Более того, минимальный экономический рост, если он затянется, и будет означать классический так называемый “L-кризис”, траектория которого напоминает по форме латинскую букву L - когда за спадом следует лишь длительное восстановление. То есть сам кризис в российской экономике пока никуда не делся.

Но, по вашим представлениям, какие есть доводы в пользу либо того, что этот рост может быть в 2017 году хотя бы выше нуля, либо того, что экономика вновь может легко уйти в минус?

Игорь Николаев, директор Института стратегического анализа российской аудиторско-консалтинговой компании ФБК (“Финансовые и бухгалтерские консультанты”):

- В пользу того, что этот рост все-таки может быть, хотя очень небольшим, говорит то, что все-таки некоторая адаптация экономики произошла. А резервы у властей еще есть, есть что тратить. Поэтому адаптация плюс резервы – это в общем основания прогнозировать, что уж, вроде, не “упадем”. С другой стороны, можем и упасть! Если мы исходим из того, что нынешний кризис – структурный, то структурные проблемы никуда не делись – ни сырьевая зависимость, ни малая доля в экономике малых предприятий, ни значительные бюджетные перекосы (здесь начались определенные подвижки, но тем не менее), ни перекосы в пенсионном обеспечении… Все это остается. Плюс - внешние шоки, пусть и не в такой острой форме, как раньше. Это и санкционное противостояние, и низкие на нефть, хотя они тоже чуть подросли. То есть и структурные проблемы, и внешние шоки остаются. А значит - мы будем или “болтаться” около нуля, или иметь все-таки маленький минус

Сергей Алексашенко, бывший заместитель министра финансов России и первый заместитель председателя Центрального банка, ныне – старший научный сотрудник исследовательского института Brookings в Вашингтоне:

- Мне кажется, гадать, будет это плюс 0,2% или минус 0,2% роста российской экономики в 2017 году, совершенно бессмысленно. Есть много внешних факторов, на которые ни российское правительство, ни кто-то другой повлиять не могут, но которые сами оказывают немалое влияние на темпы роста российской экономики.

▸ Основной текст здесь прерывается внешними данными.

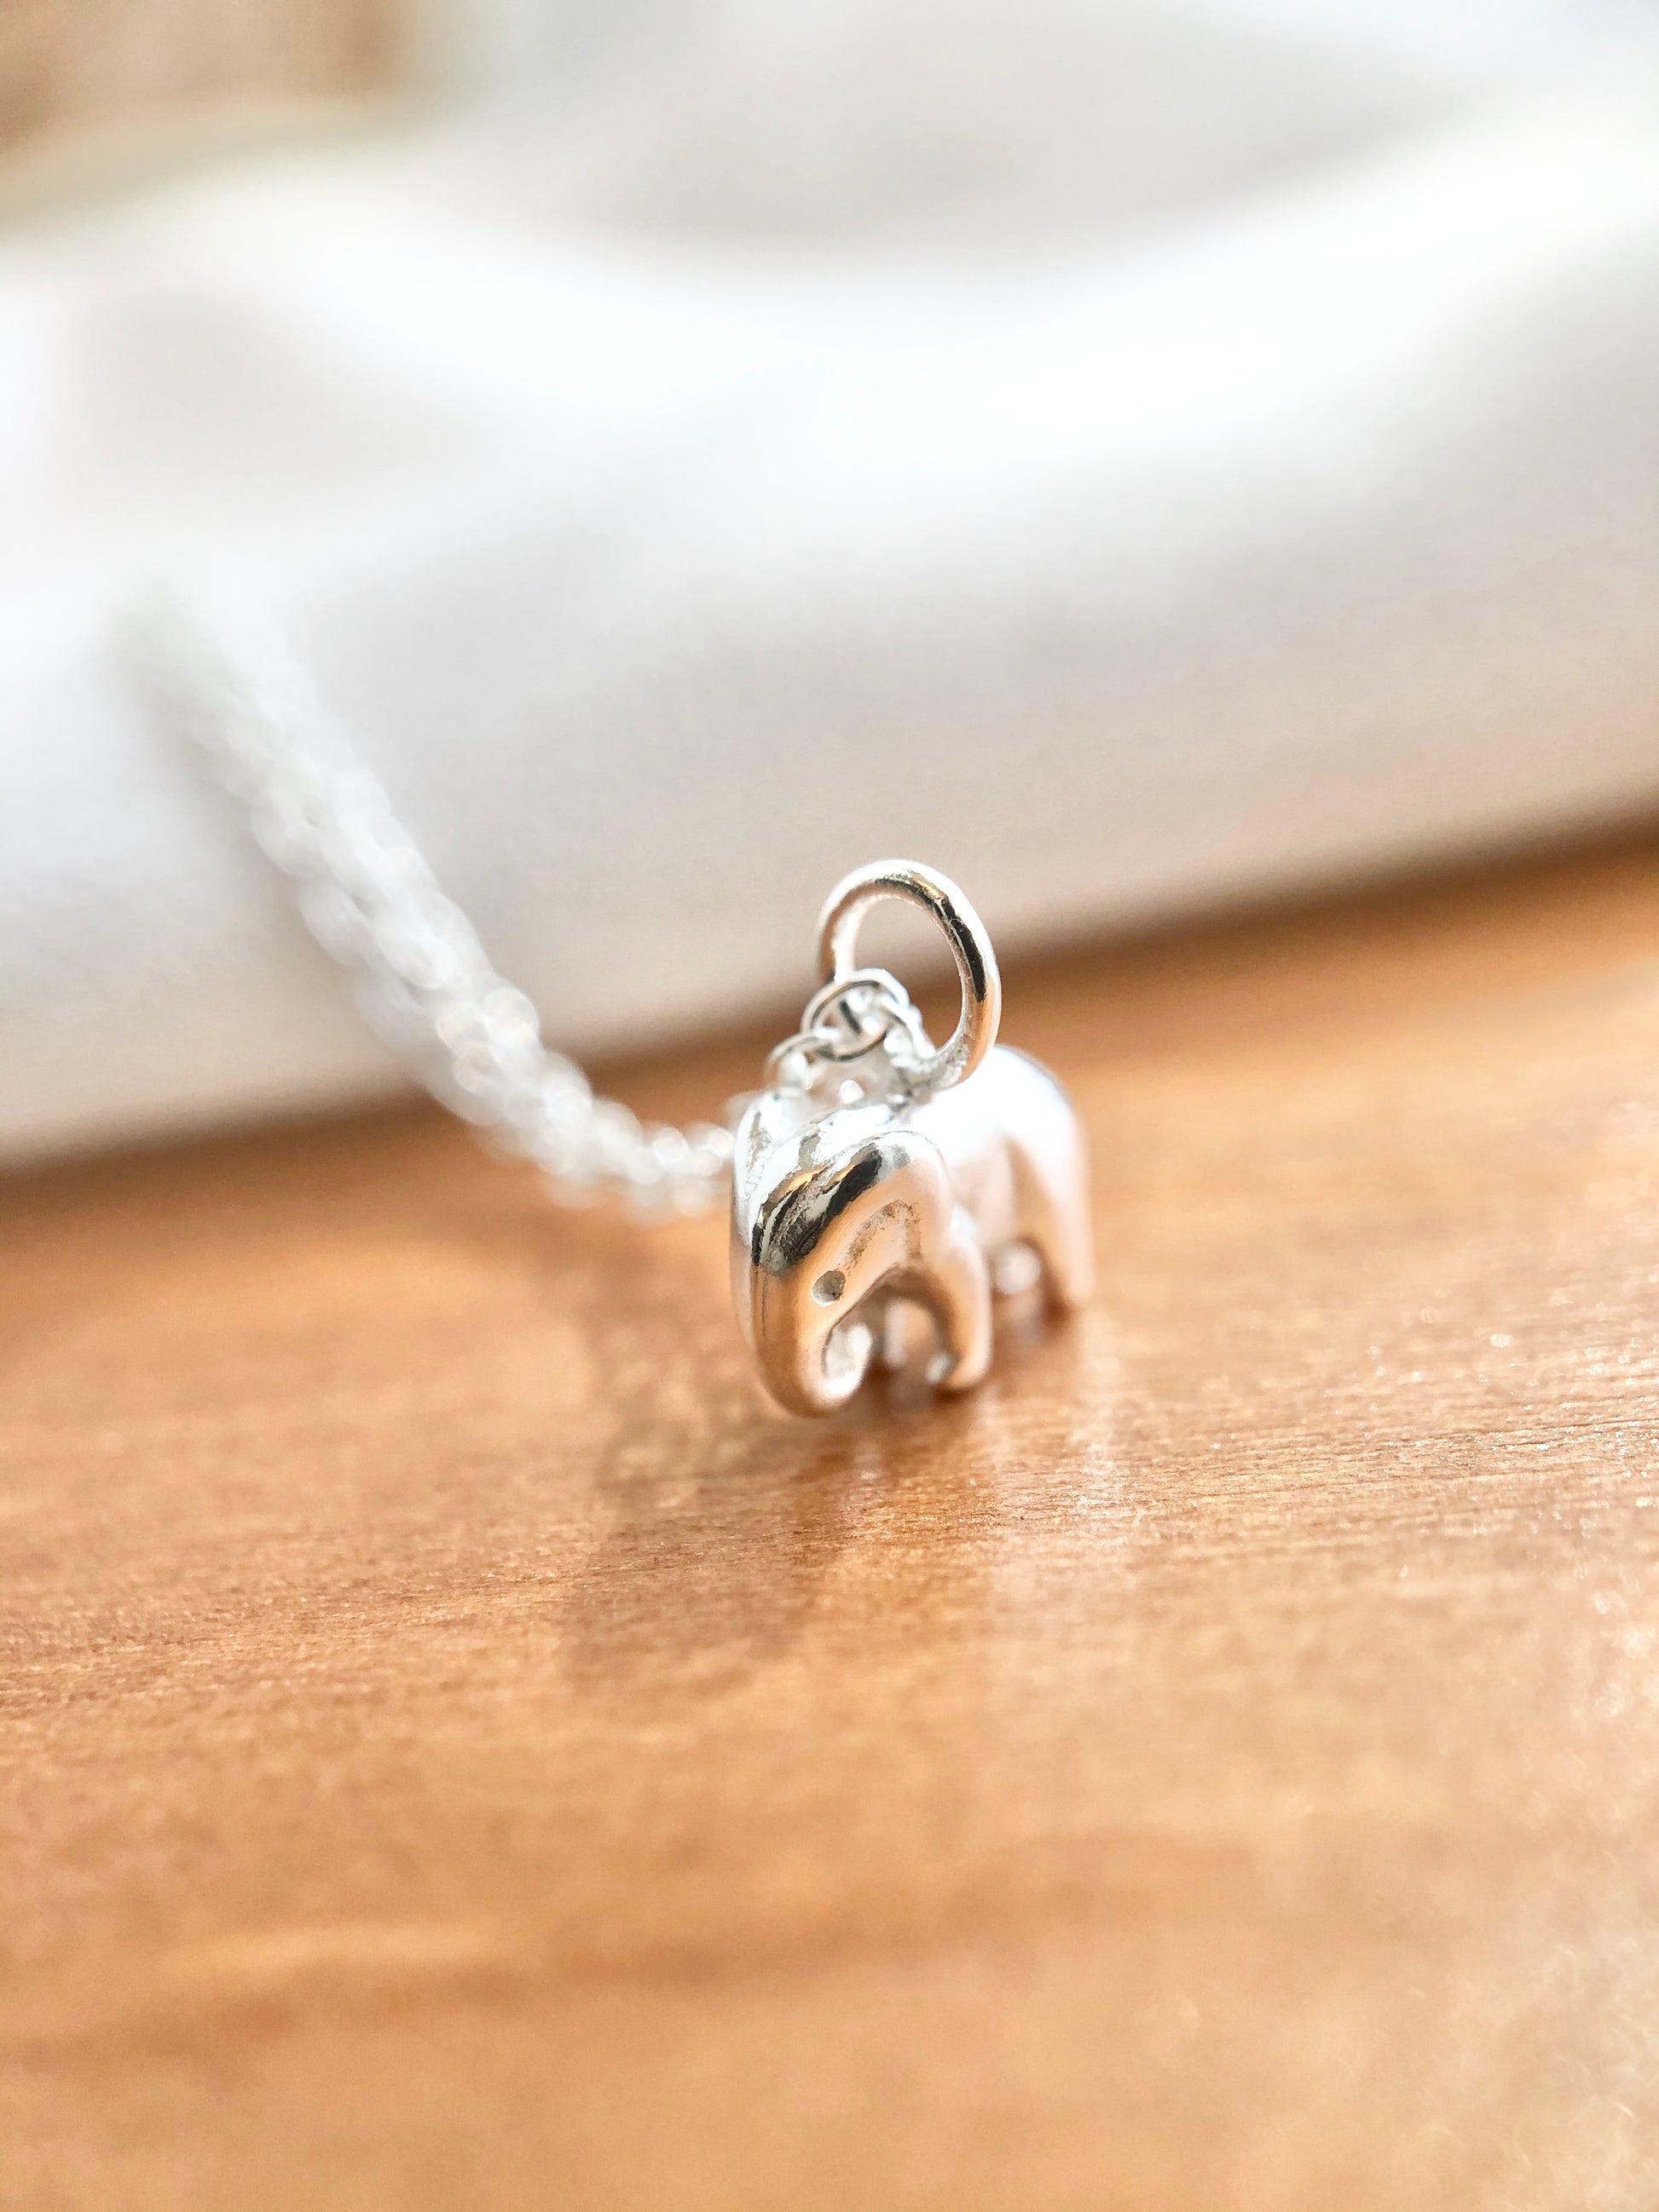 Elephant Necklace, Mini Elephant Necklace, Sisters Necklace, BFF Necklace, Best Friend Gift Jewelry, Elephant Lover, Animal Necklace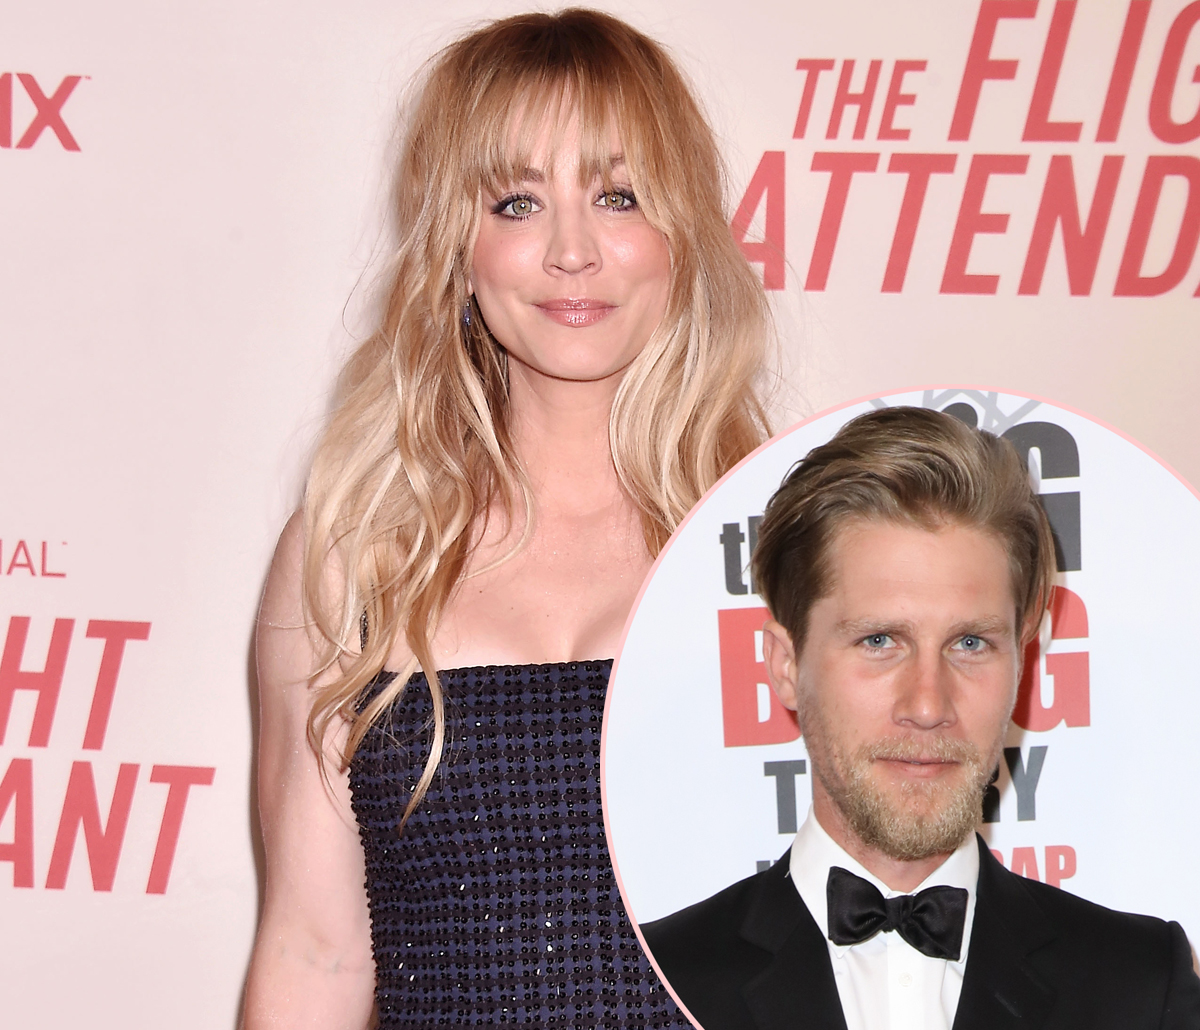 #Kaley Cuoco Says She Staged Her Own ‘Intervention’ During Karl Cook Divorce: ‘It Was Really A Super Dark Time’

Так, например, уже в третьем квартале она показала маленький рост. Но он практически в полном объеме был обеспечен очень высоким, рекордным урожаем в сельском хозяйстве, а также рекордными поставками российского газа в Европу - там случилось раннее похолодание, в сентябре. Кроме того, “пришли” низкие цены, которые были на нефтяном рынке в начале года. В результате европейские страны начали активно заполнять свои хранилища газа. И эти два фактора - погодные, климатические – привели к тому, что российская экономика в третьем квартале показала 0,1% роста. А если бы их не было, она бы показала падение – скажем, на 0,1-0,2%. То же самое может случиться и в 2017 году. Если вдруг окажется, не дай Бог, плохой урожай или засуха, то можно ожидать, что экономика покажет “минус”. А если цены на нефть подрастут и в среднем по году будут, скажем, 55 долларов за баррель, то экономика может показать “плюс”. Но нужно понимать, что это совершенно не зависит от действий правительства.

Уж коли мы “вляпались” в структурный кризис, то чисто технологически решить к 2019 году структурные проблемы очень трудно.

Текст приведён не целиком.